DATASET EXCERPT:

● ● ● ●

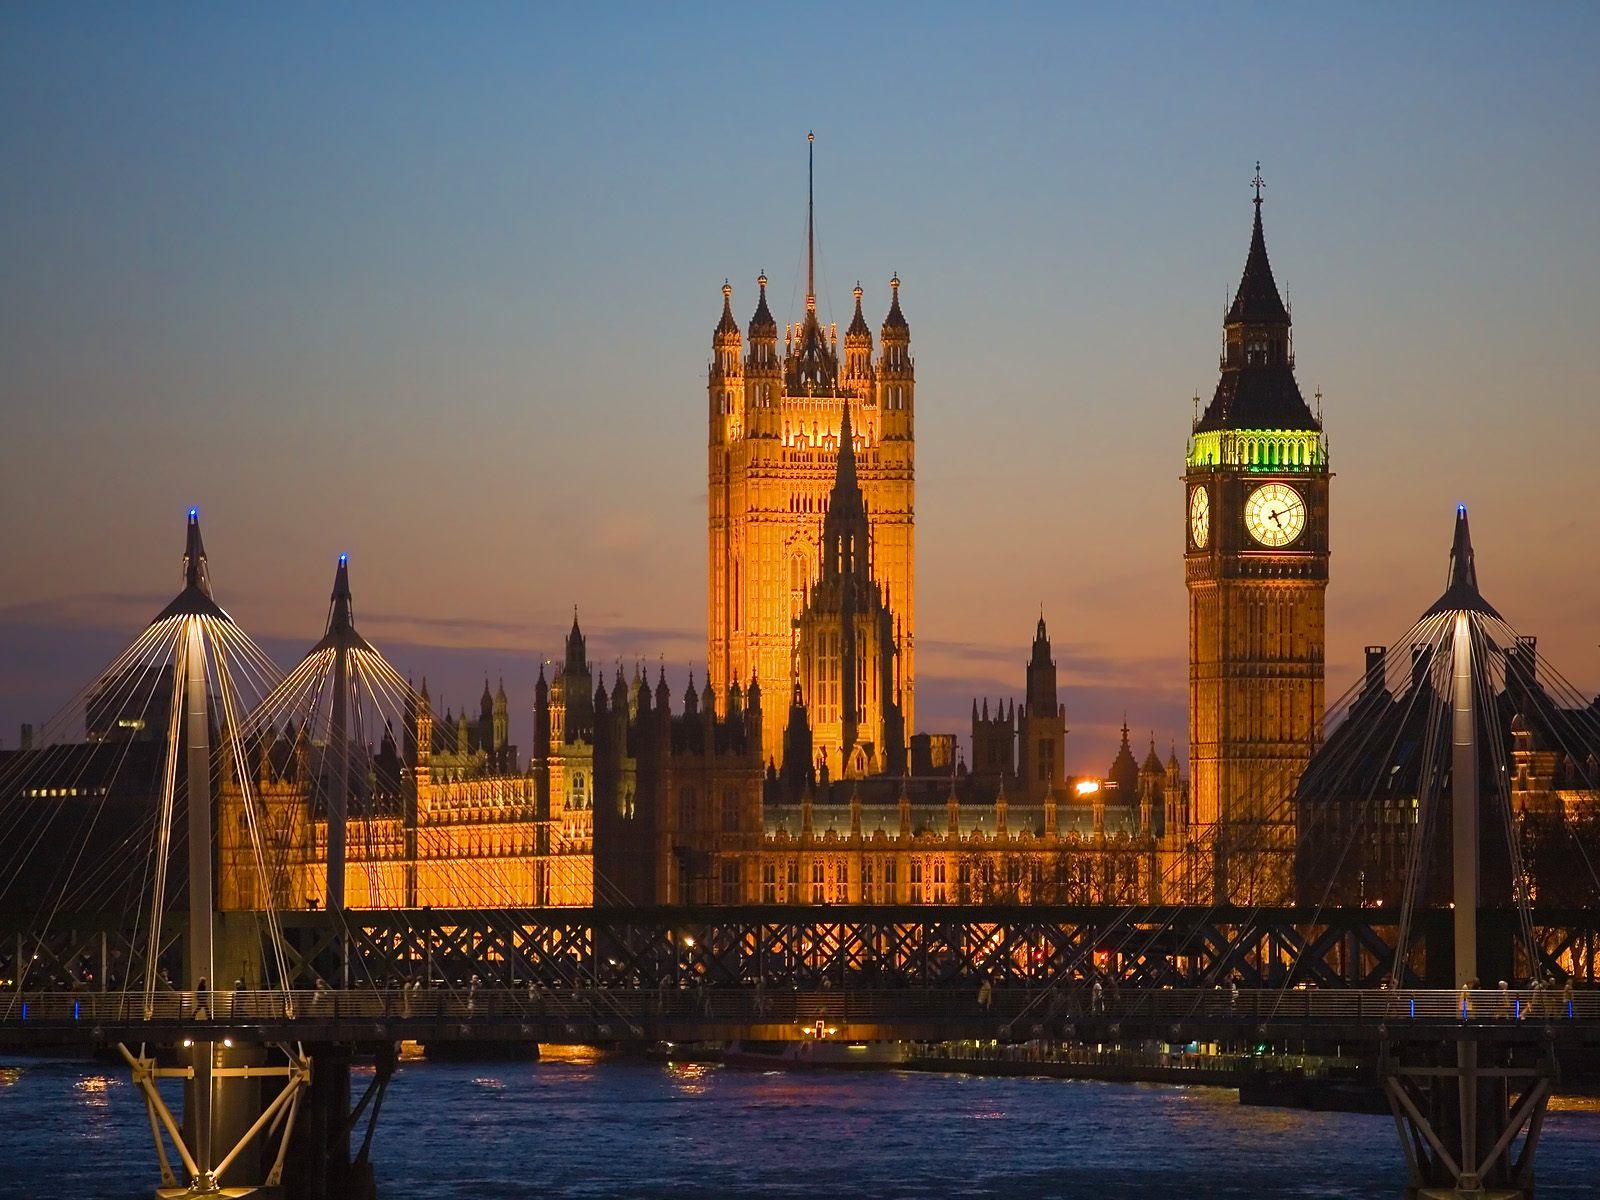 Sample Picture image big ben london HD wallpaper and background
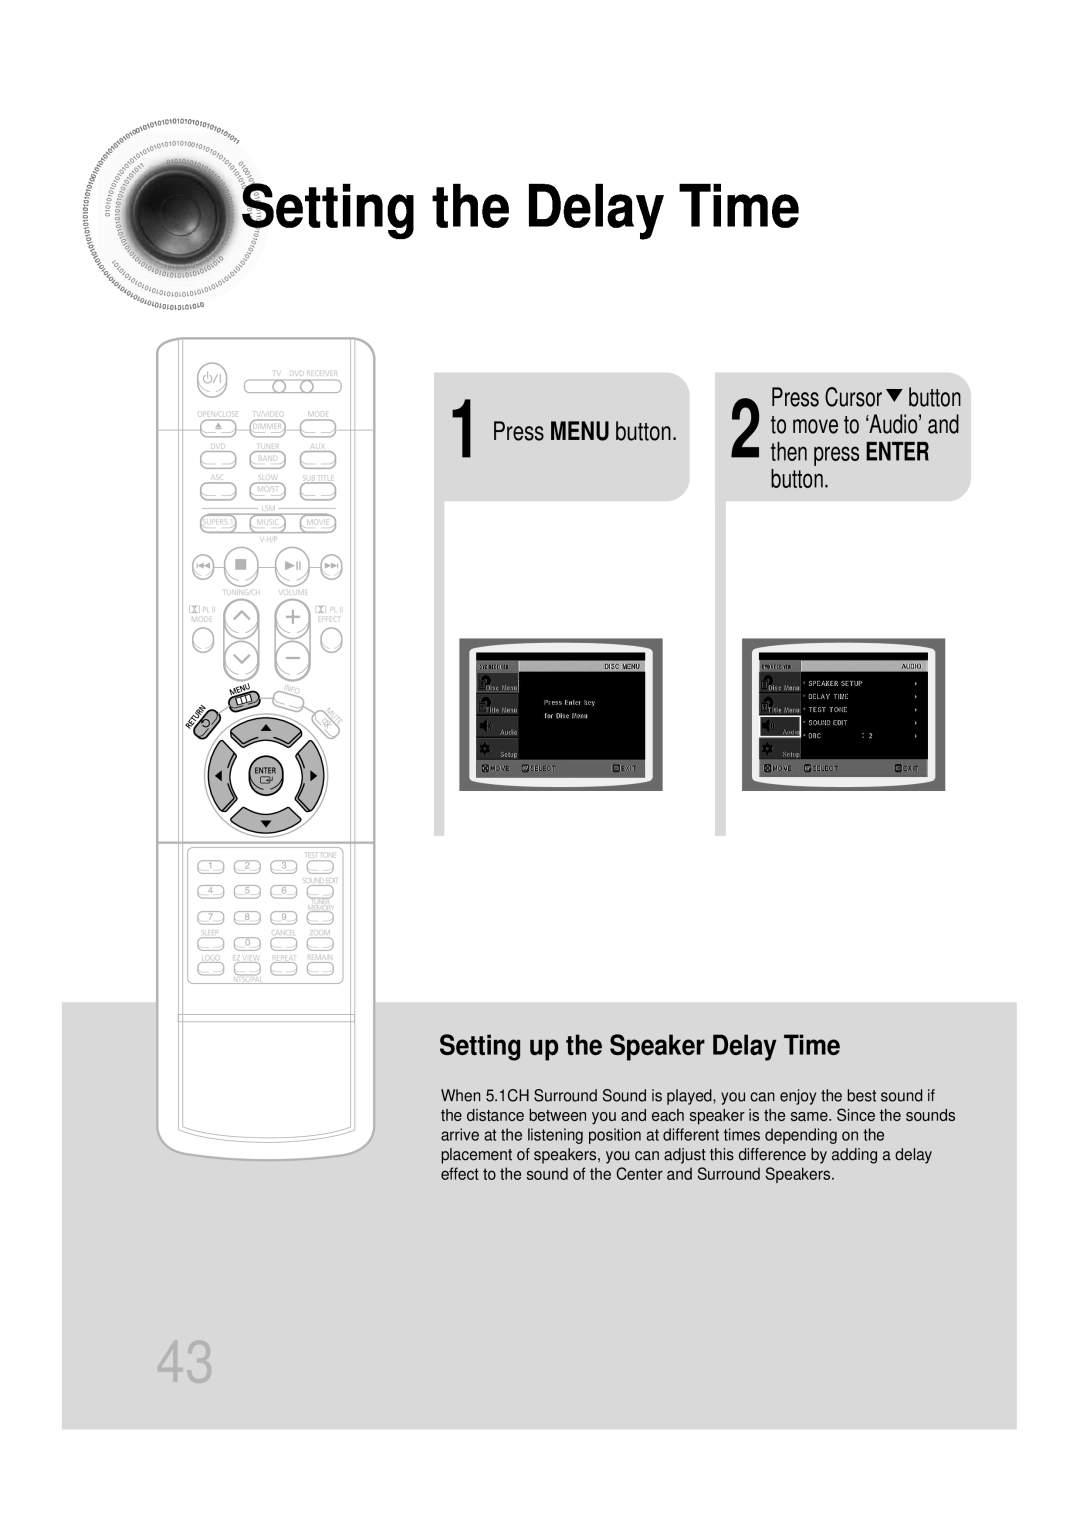 Samsung HT-DB350, HT-DB1650 instruction manual Settingthe Delay Time, Setting up the Speaker Delay Time, Press Cursor button 
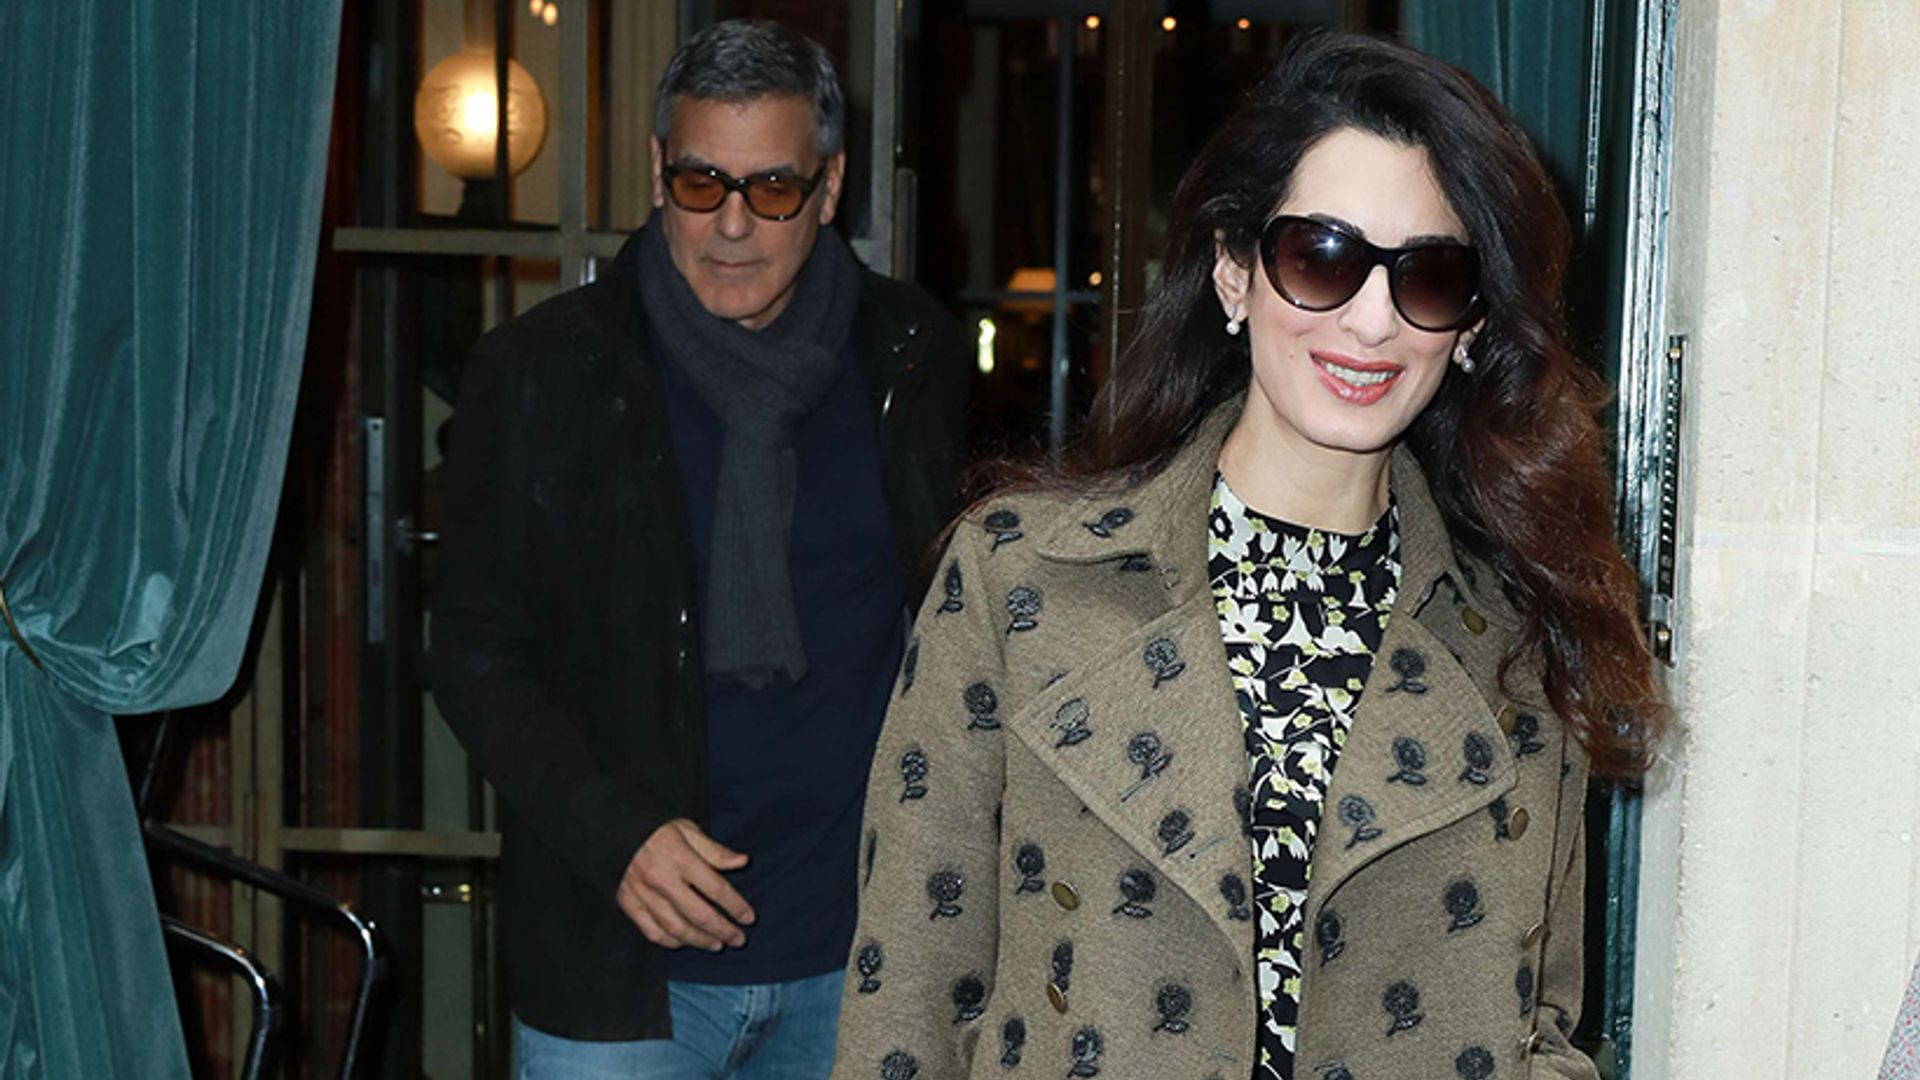 George and Amal Clooney take well-deserved night off parenting duty
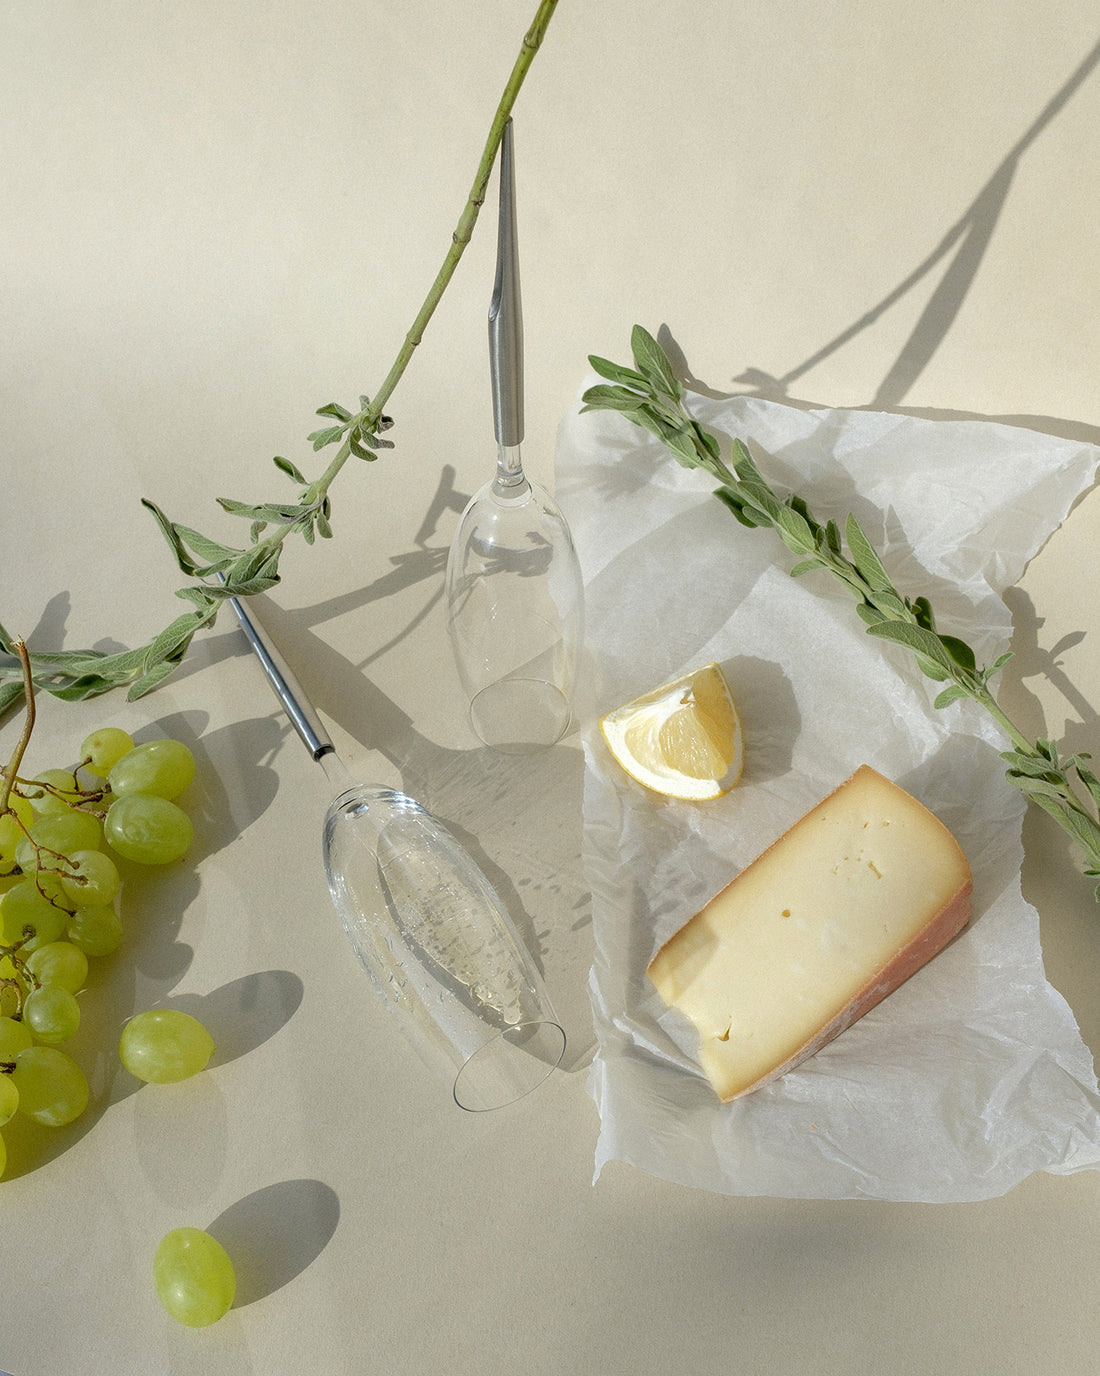 pointer wine glasses for champagne photographed next to cheese, lemon, white grapes and plants

● ● ● ●

Leave the pictures aside and print exactly, and only, the lines from the one with "George and Amal" through the end of the data, both included.

REPLY:
 George and Amal Clooney take well-deserved night off parenting duty
 pointer wine glasses for champagne photographed next to cheese, lemon, white grapes and plants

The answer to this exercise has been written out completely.